Imagine if you lost all your CDs. Not suddenly, as in a theft, but gradually, as if to decay or rust – it never sleeps, you know.
Or
imagine an even more gradual musical death, if you suddenly had to
decide which CD players would be able to play your CDs. If you chose
your current car, they wouldn't work in your next one. If you picked
the stereo in your living room, they wouldn't play in the bedroom. This
sounds ridiculous – but it's also realistic.
At
this point, most of you are probably wondering what exactly
PlaysForSure is. A little history: Back before the introduction of the
Zune, Microsoft supported a DRM music format called PlaysForSure, which
it sold from the MSN Music Store, as well as several other sites. Its
plans were ambitious – MTV got involved, as did several MP3 makers. But
it could never compete with iTunes. Like Microsoft's operating systems,
it was inelegant and hard to use. Microsoft itself stopped selling
songs in this format when it introduced the Zune, effectively competing
with its corporate partners. Since then, customers have been wondering
how long the company would support the format. Now they know.

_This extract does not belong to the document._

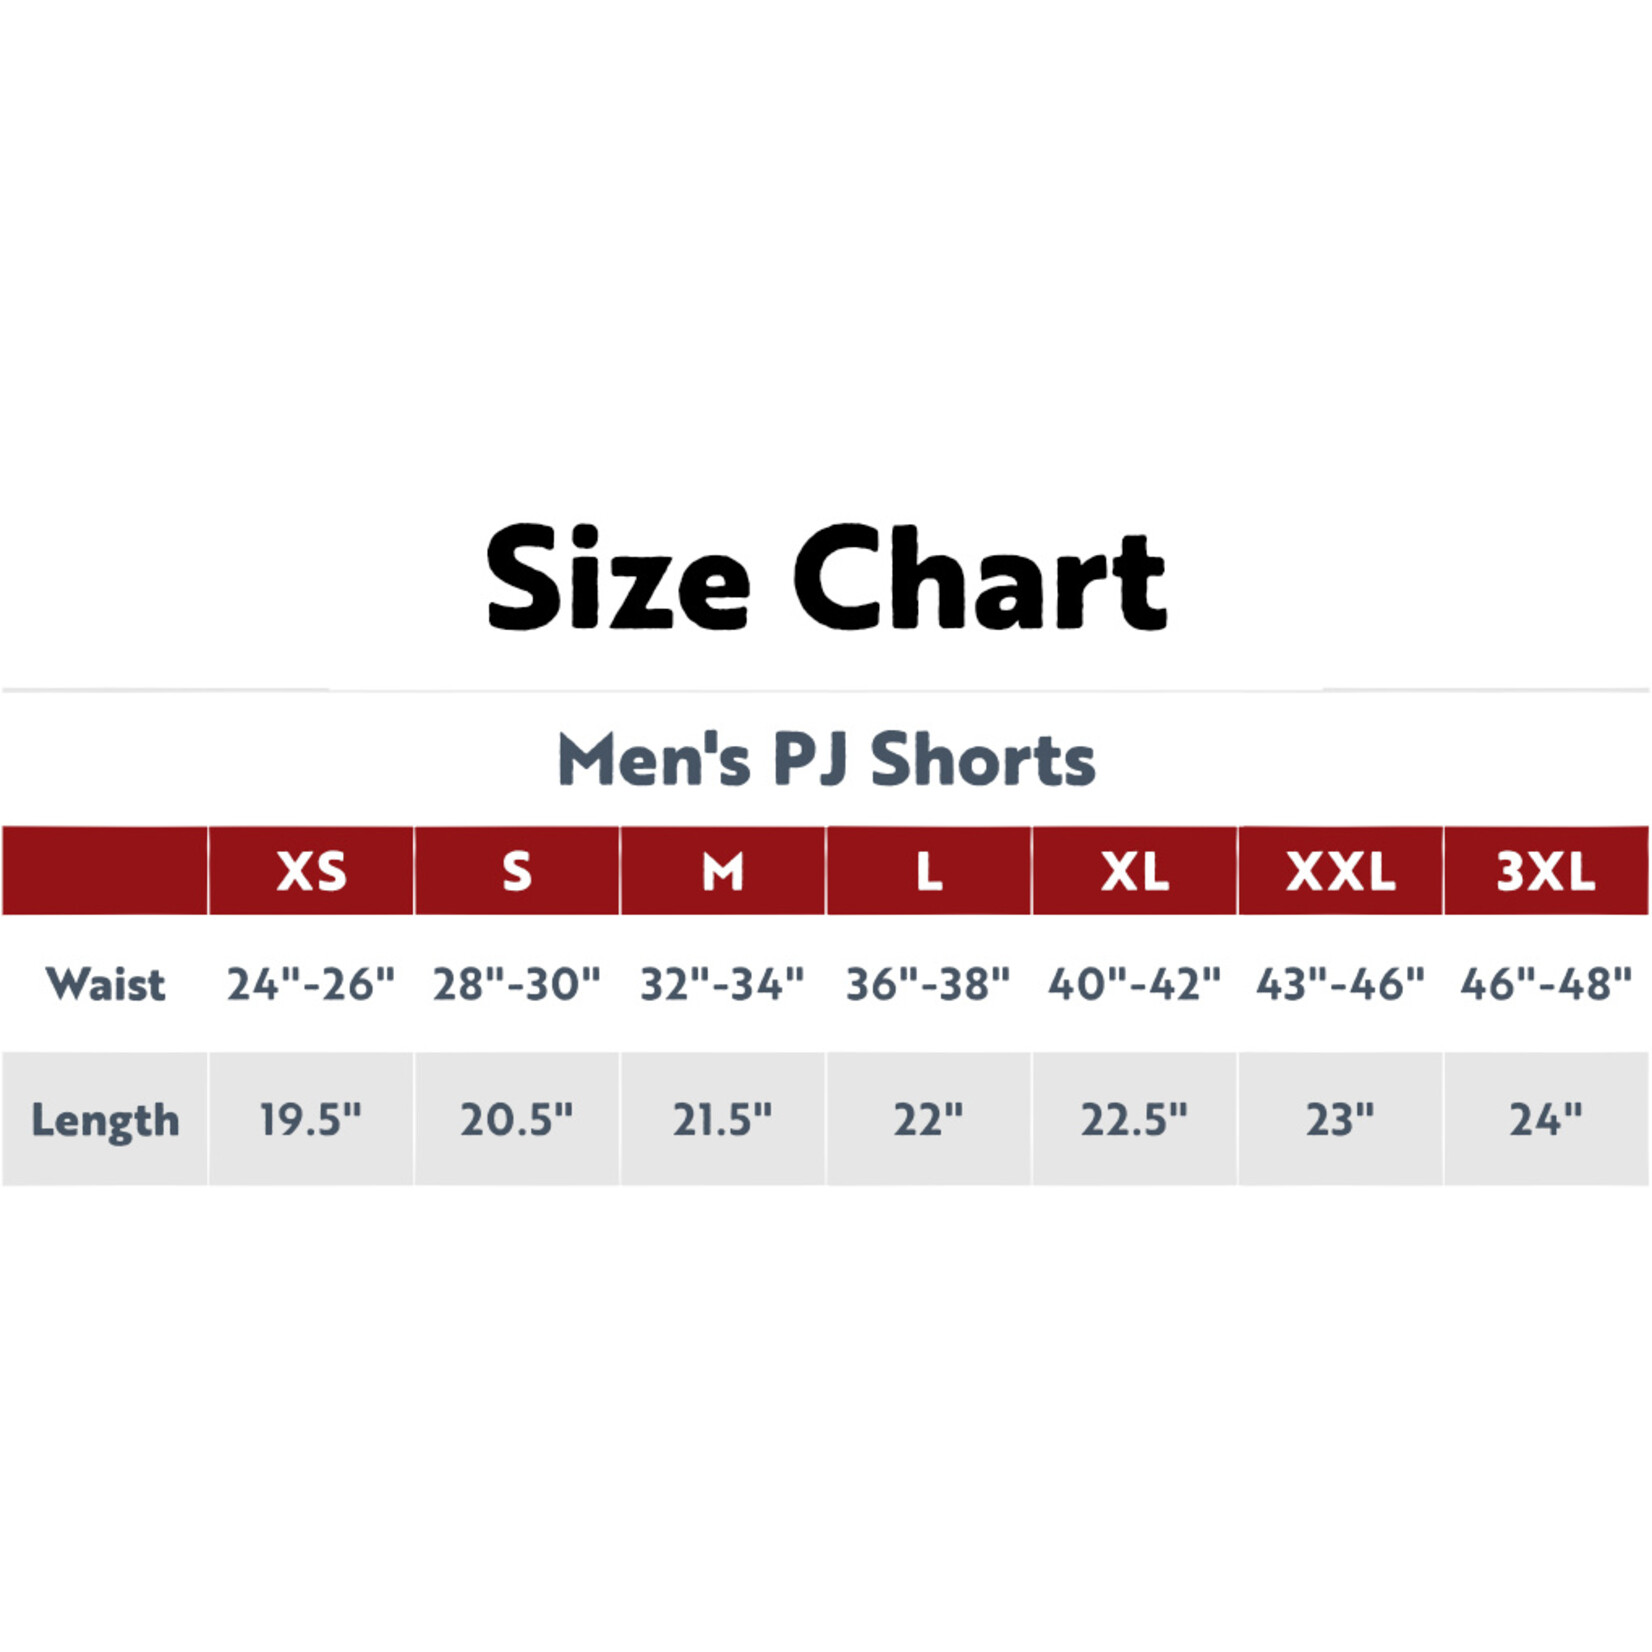 Lazy One Lights Out Men's PJ Shorts

Ars Technica and other sites argue that this limits a customer's rights
to play the music he purchased. But that depends on what those rights
are. When people pay a dollar to buy a song online, most believe that
they're doing just that: buying a song. A lawyer would say that they're
buying the rights to play a song in a certain set of ways on a certain
set of devices. The same goes for CDs. Record companies say they're
selling a piece of plastic but consumers believe they're buying music
they can use however they like. Technically, some of this is settled in
the legal jargon in online sites. But it's unreasonable to expect every
teenager who buys a single to wade through pages of legal jargon.
At
this point, the issue is practically settled, as the major record
labels are slowly abandoning DRM. In the meantime, though, anyone who
sells music should be required to make sure it keeps playing.
Otherwise, why will people keep buying it?